We have sort of lost the choice element of Sunday soup...she can still choose as long as it comes out of the box...
The first week it was my turn anyway so I looked in the box and we had corn chowder - Yum!
Last week, I told my girl she could choose pumpkin or sweet potato "but that is not my choice!" she wailed "well that is what is in the box" I said. There may have been some muttering or stomping but I stood firm - the food is local and fresh - we are cooking with what the seasons give us.
She has the most gloroious outdoor classroom at school - with a kitchen garden - (I will try to remember to take some pictures of it next time I take my camera to school) on Friday last week she presented me with half a pumpkin - picked by her that morning (grown from a seed planted by her and her class mates earlier this year) so it sealed the deal - pumpkin soup it was; but not just any old pumpkin soup.

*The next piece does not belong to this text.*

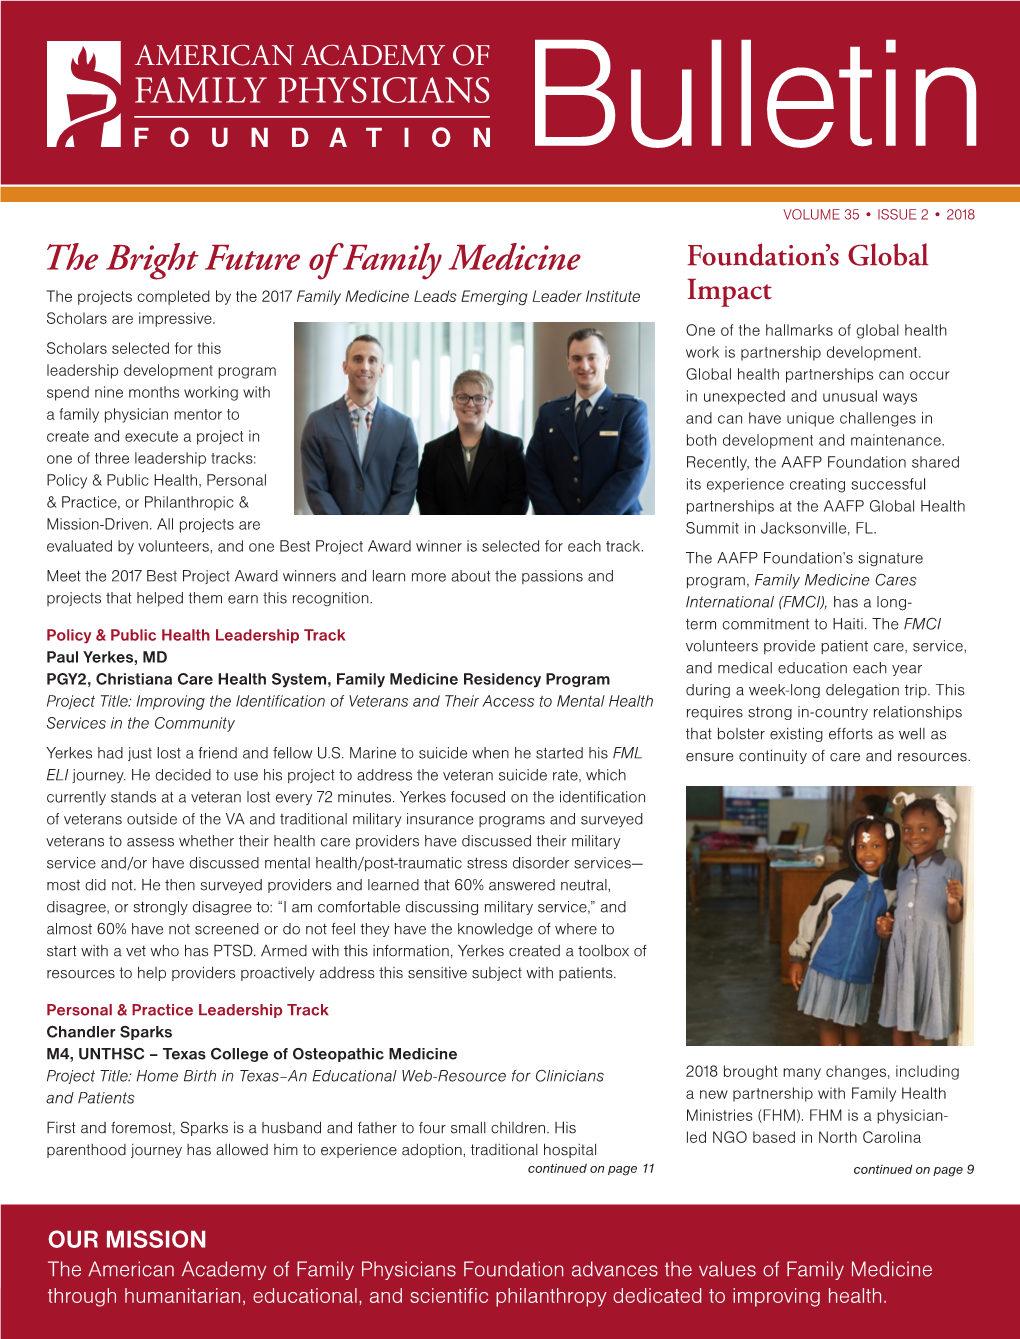 The Bright Future of Family Medicine

I made her autumn spiced pumpkin and cannellini bean soup because we got fresh ginger in our box too. It was so creamy and delicious so I thought I would share the recipe with you. I flicked through Jude Blereu's Coming Home to Eat - Wholefood for the Family for a bit of inspiration and then made do with what I had to hand -
Pumpkin..i don't know what type it was but I used 3/4 of it... it wasn't massive - peeled and chopped roughly
a tbs of gee or butter (maybe it was 2tbs)
1 brown onion, finely sliced
2-3 garlic cloves, chopped roughly
1 inch bit of fresh ginger, grated
a grating (or three or four) of fresh nutmeg
tsp ground cumin
tsp ground coriander
420g tin of cannellini beans (drained and rinsed well)
1L of chicken stock
yoghurt or quark for serving (optional)
Melt the butter or gee in a big pot, add the onion, garlic and ginger and cook gently for a few minutes so that they glisten rather than fry. When the onion is soft add the nutmeg, cumin and coriander stirring through for about a minute - then add the chopped chunks of pumpkin stirring to coat the pieces in the fragrant spices.
Then pour in the stock, stir, put on the lid and leave it at a gentle simmer for about an hour. Add in the cannellini beans and wait for them to warm through before blending the soup well, using a stick blender.
Serve into bowls, add a dollop of yoghurt or quark (it was in the fridge!) a generous twist of freshly ground black pepper and enjoy.
Oh back to Saturday... we had soup tonight, the family was agast! even friends who popped in today and asked what I was cooking exclaimed "but it is Saturday!" when I answered "potato and leek soup with parmesan dumplings" Yes it is Saturday but we are going out for dinner tomorrow and I didn't want to miss out on soup night... and there we a lot of potatoes in the box.
1 comment:
Dear Shannon,
This recipe looks wonderful, lovely for our cold winter evenings in South Africa:) Thanks for sharing.